Wednesday, January 11, 2012

Innovation spend Vs. Innovation results – Have you recently given a thought to this?

Is it time you looked at how much you are spending on innovation and what you are getting out of it.

There is a possibility that you are doing great, and there is also a possibility that you are feeding a black hole, or you could be somewhere in between.
Nevertheless, you would benefit from the following thought process.

Spread: How is your innovation spending spread? Try bucketing them as Capital cost of R&D infrastructure, Full time R&D people, Maintenance of R&D infrastructure, Outsourced services cost, Cost of promoting innovation culture, and the likes.

Means: What are you means of achieving innovation? Try bucketing them as Market research led, Perceived customer needs, Customer complaints based, Innovation team driven, Driven by employees who are not part of innovation team, Co-creation using external talent, Open innovation, and the likes.

Types: What types of innovations are you focused on? Try bucketing them as Disruptive or Break though innovations, Significant improvement of product or a service, Small but iterative improvements, and the likes. Additionally irrespective of what you offer, you could surely have service innovation as one bucket. You should try to map your innovation objectives of just being in the game to penetrating the new markets to the type of innovations underway at your organization.

For above 3 categories and the respective buckets, arrive at individual targets for your organization. You metrics could then become to not deviate too much for an extended period from the set targets. Setting the right targets would play very important role, however this would primarily be driven by DNA of your organization.

Tracking sheet could look something like below.

Note: The numbers in the table above are for example purpose only.

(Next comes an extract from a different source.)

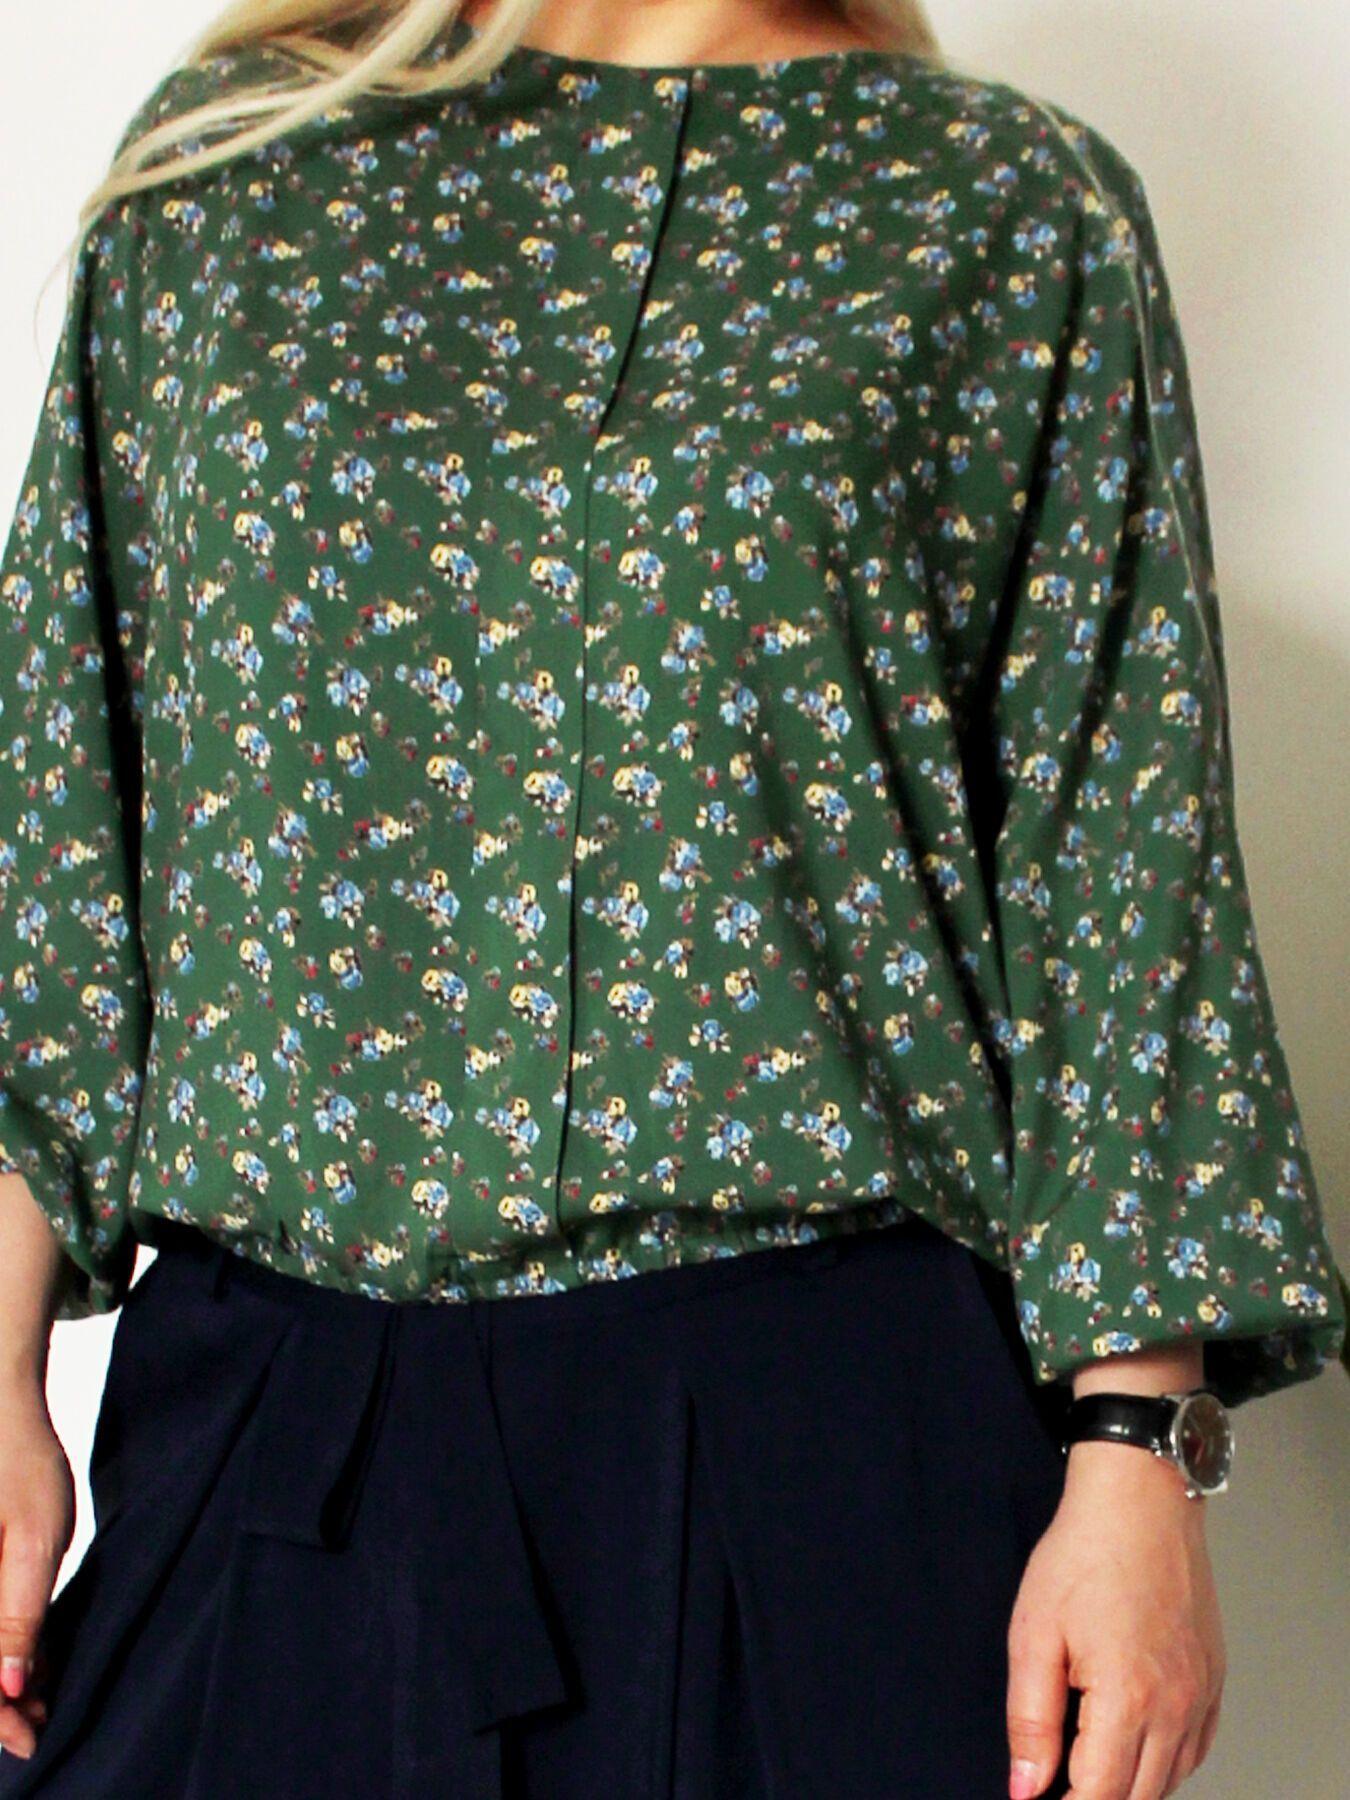 Блузки с мелким цветочным принтом придают возраста

The most important thing is you are now thinking your innovation spend Vs. Innovation results, that, by far could be the most important take away from this post.


1 comment:

  1. One of the simplest ways to categorize the innovation area so that budget is identified is to realize that innovation and R&D are completely different, and you want to have both because they will add value to your company in a different way.
    R&D employees add value when they become an authority in their industry science community in such a level to be part of an outside board which may pushes the use of company products or upgrade product codes. They may also add values when developing intellectual property for core business products or processes that will eventually become disruptive innovations in the industry or will be part of the future market trends. Usually R&D should be self-sustainable (when possible) by earning grants and creating partnerships that may bring extra cash to the company.
    Innovation employees on the other hand, add value when know the products value chain and know exactly where in said value chain the company may add value, they must lead new product developments processes as project managers converting them in sales as fast as possible in order to achieve yearly new product sales objective. Innovation area brings money to the company with revenue from new product development.
    Both areas are indispensable but should be measured in goals and budget separately.